The FBI is cautioning consumers about the potential risks associated with using public phone charging stations, urging them to avoid such stations to prevent exposure to malicious software.
Public USB stations, commonly found in places like malls and airports, are being exploited by malicious actors to disseminate malware and monitoring software, as highlighted in a recent tweet from the FBI’s Denver branch. While the agency did not provide specific examples, it strongly recommended individuals carry their own charger and USB cord and opt for using electrical outlets instead.

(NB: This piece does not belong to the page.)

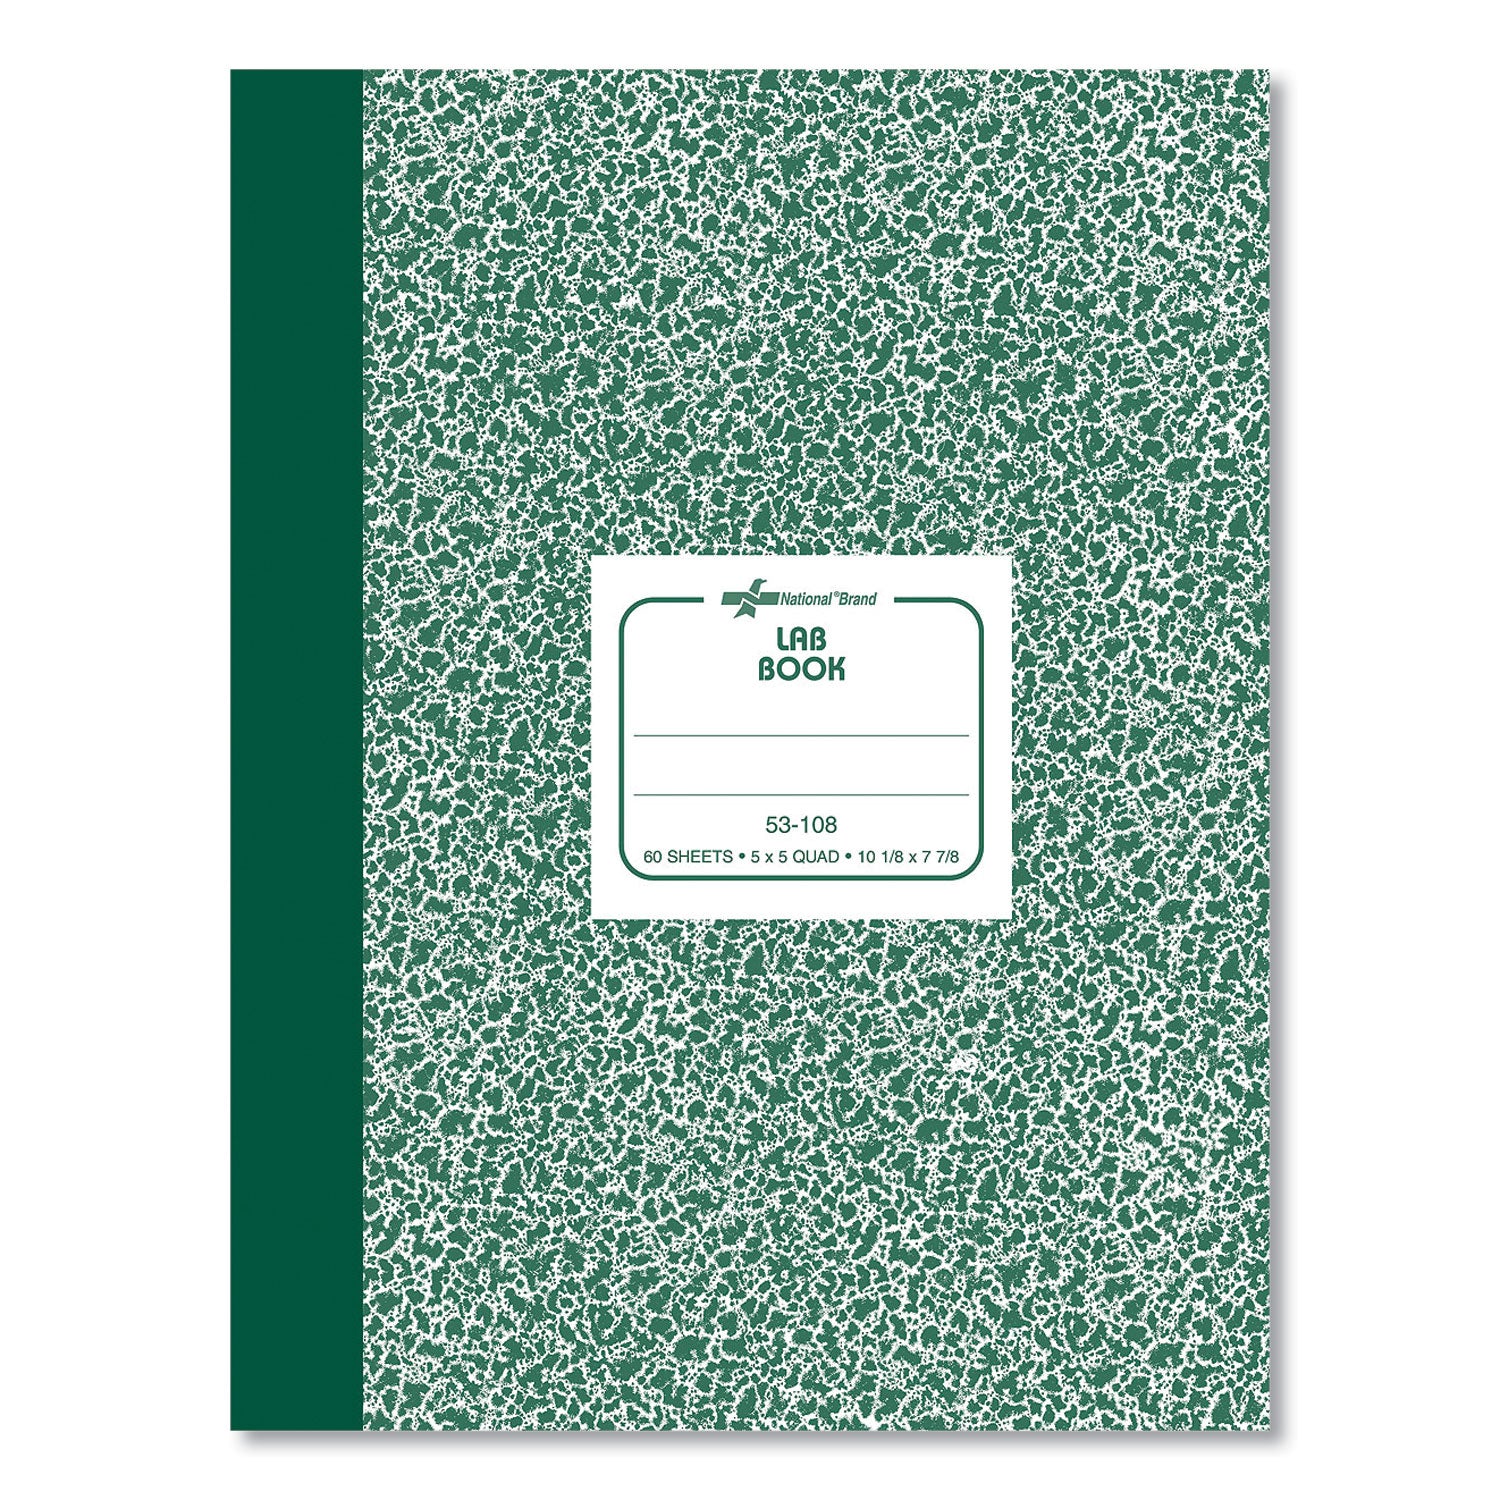 Composition Lab Notebook, Quadrille Rule, Green Cover, (60) 10.13 x 7.88 Sheets - 
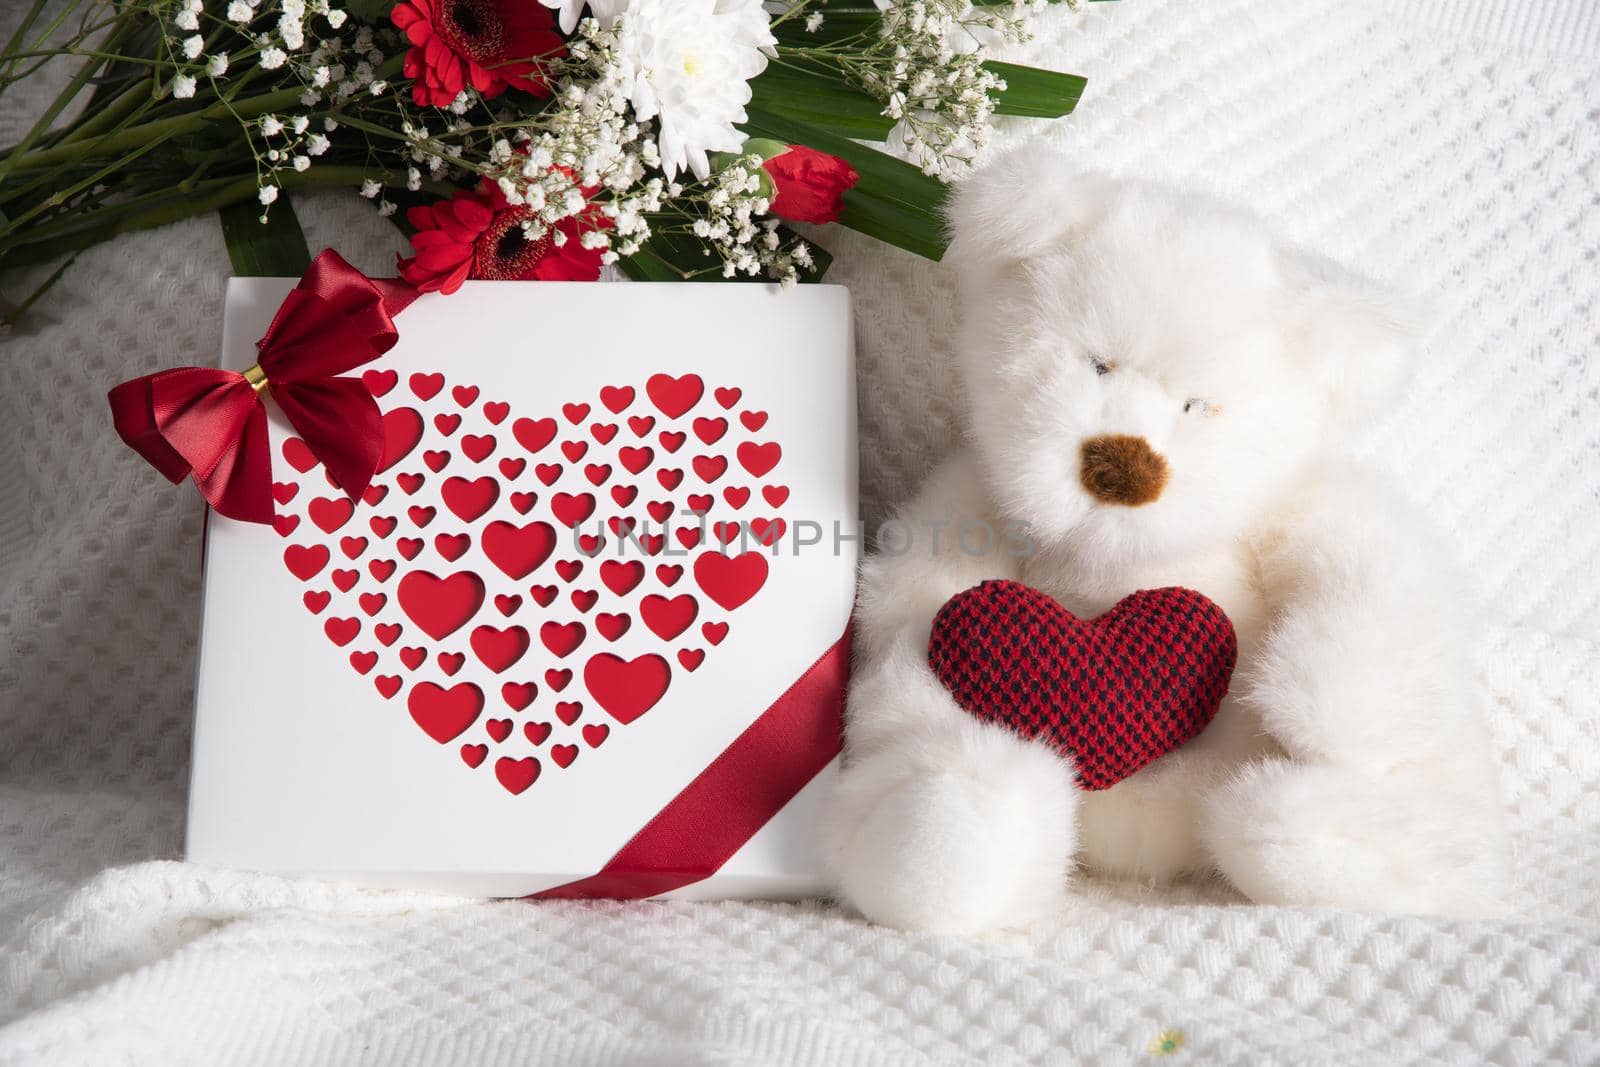 Valentine's day gift, teddy bear with a heart, a box of pralines and a bouquet of flowers on the bed early in the morning. High quality photo

Despite the convenience of public charging stations, security experts have long expressed concerns about the associated risks. The term “juice jacking” was coined in 2011 to describe the threat of compromising devices by plugging them into compromised power strips or chargers.
Drew Paik, formerly of security firm Authentic8, explained in a 2017 CNN interview that the same cord used for charging also facilitates data transfer between the phone and other devices. If a port is compromised, a hacker could potentially access various types of sensitive information, including emails, text messages, photos, and contacts.
Vikki Migoya, public affairs officer at the FBI’s Denver branch, emphasized that the warning serves as a general reminder for the American public to remain vigilant, especially while traveling. The Federal Communications Commission (FCC) also updated a blog post, cautioning that a corrupted charging port could enable a malicious actor to lock a device or extract personal data and passwords. The FCC even noted instances where criminals intentionally left infected cables at charging stations, and there were reports of such cables being distributed as promotional gifts.